In terms of general mitigation our team can help with:

  • I note that the oldid= link is consistently slow to respond, which suggests that ParserCache and/or CDN cache is disabled for these. This is a known issue and more or less by design (ref T244058), because we literally have billions of revisions for all pages, and we don't plan to buy capacity to store all of these for long periods of time. The work of T244058 does cover allowing some of them to be stored for a short period of time (up to an hour), however that is not motivated by end-user performance, but by infrastructure resources. If a permalink becomes a trending URL, we need to make sure it does not draw significant resources from the servers on every access attempt.
  • For the regular page url (without oldid) I found that ParserCache works as expected. The Translate extension does not appear to be causing an issue there,
  • Parsing of this examples page rendered in about 20 seconds for me on first try. But after purging them a few times, I did find that on some attempts I got a WMFTimeoutException (meaning it took more than 60 seconds). This is a problem, because it means it cannot be cached in that case and thus will spend the same expensive resourcing a second time. In terms of security this is not an issue because PoolCounter protects against this, but it is still problematic of course to allow pages to be made that can't render consistently. This is meant to be prevented by determinitic counting of "expensive' parser functions, which we have a limit on. If SyntaxHighlight is not counted as "expensive", this should be fixed. If it is, then perhaps we need to increase its weight and/or lower the threshold to disallow pages with more than a certain number of syntax highlight sections.
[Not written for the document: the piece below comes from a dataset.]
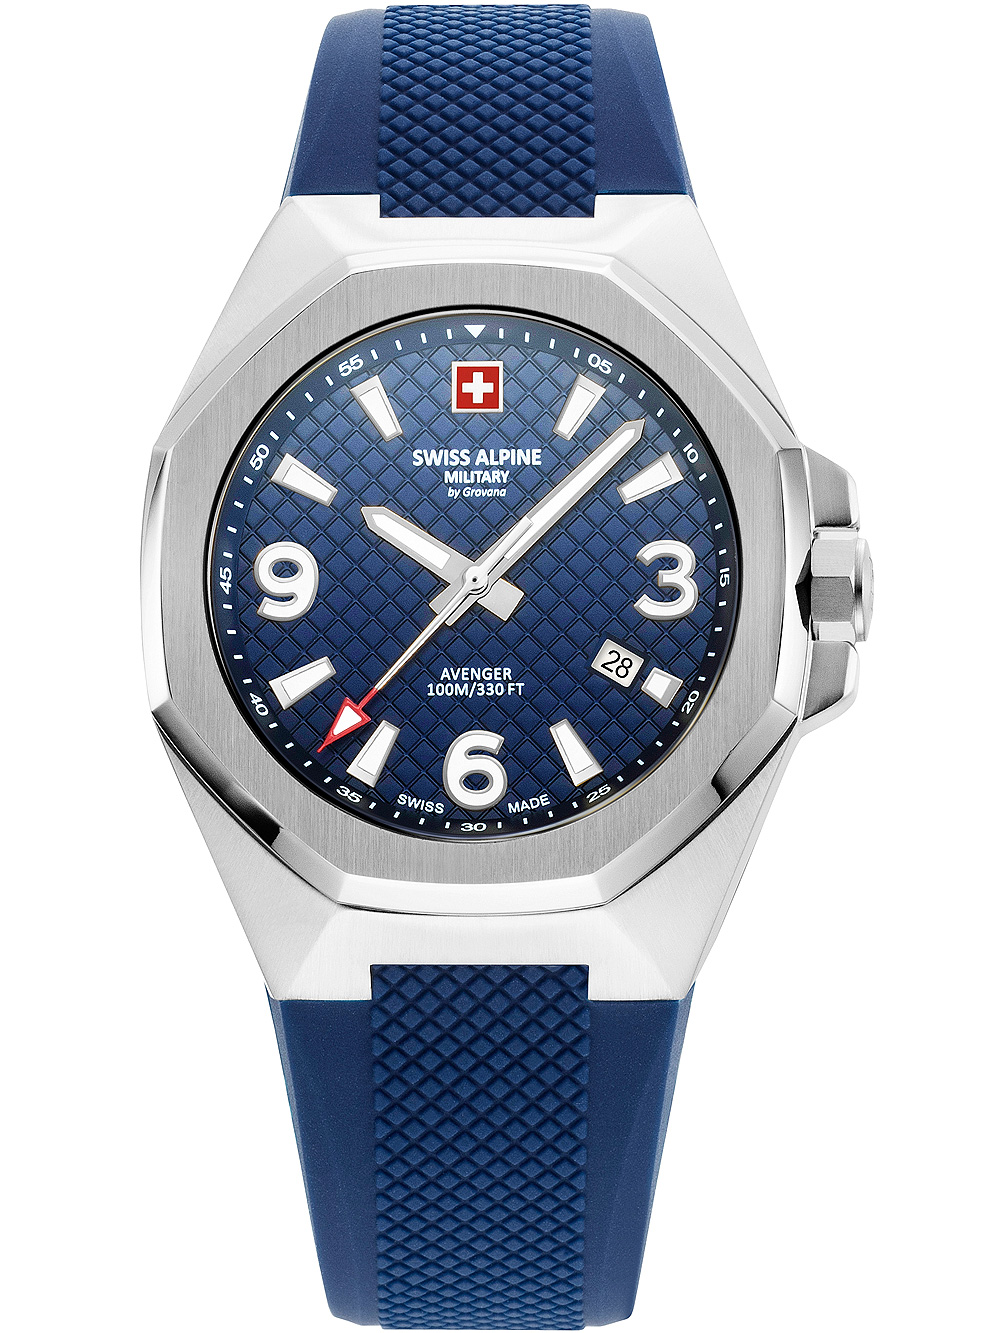 Pánské hodinky Swiss Alpine Military 7005.1835 Avenger

As for the performance of SyntaxHighlight itself, I do note that its own local caching already (source), which allows individual sections to be cached and re-used across different edits. This means that, in theory, if you make a small edit to the page, it will not have to re-parse all sections.

There is definitely a lot of ways in which SyntaxHighlight could perform better. For example, the upstream :python-pygments" software could be optimised to spawn faster for small inputs, or it could be improved to support batching, or Parsoid could support batching, or it could be ported or swapped for a plain PHP implementation. That kind of product development would require resourcing, and the extension currently does not have an active steward. This is unlikely to change from the perspective of Wikipedia or MediaWiki at-large since articles rarely use this, and we have pretty good caching for those.

The main area where this issue is visible is the documentation pages for use within our technical communities, rather than the main knowledge content we serve. In the past two years we have significantly increased investments in technical outreach for Wikidata and MediaWiki more generally, with API documentation etc. Perhaps it could be funded from that perspective.

I've filed T271751 for the follow-up idea to improve SyntaxHighlight performance more generally. I'm declining this task as I'm not aware of any direct issue here in relation to Translate or MediaWiki in general.

We allow users to create pages that are slow, this is a trade-off in what we invest in with as benefit that a lot of things are possible (albeit in degraded form), which is better than the alternative (we think) of disallowing these with strict performance requirements, in which case we would e.g. not allow pages to have more than a handful of code examples. I think we can do better in showing editors why a page is slow and what they can do about it. For example, editors may want to split up a page into more accessible sub pages. It's a trade-off, and the choice is theirs to make.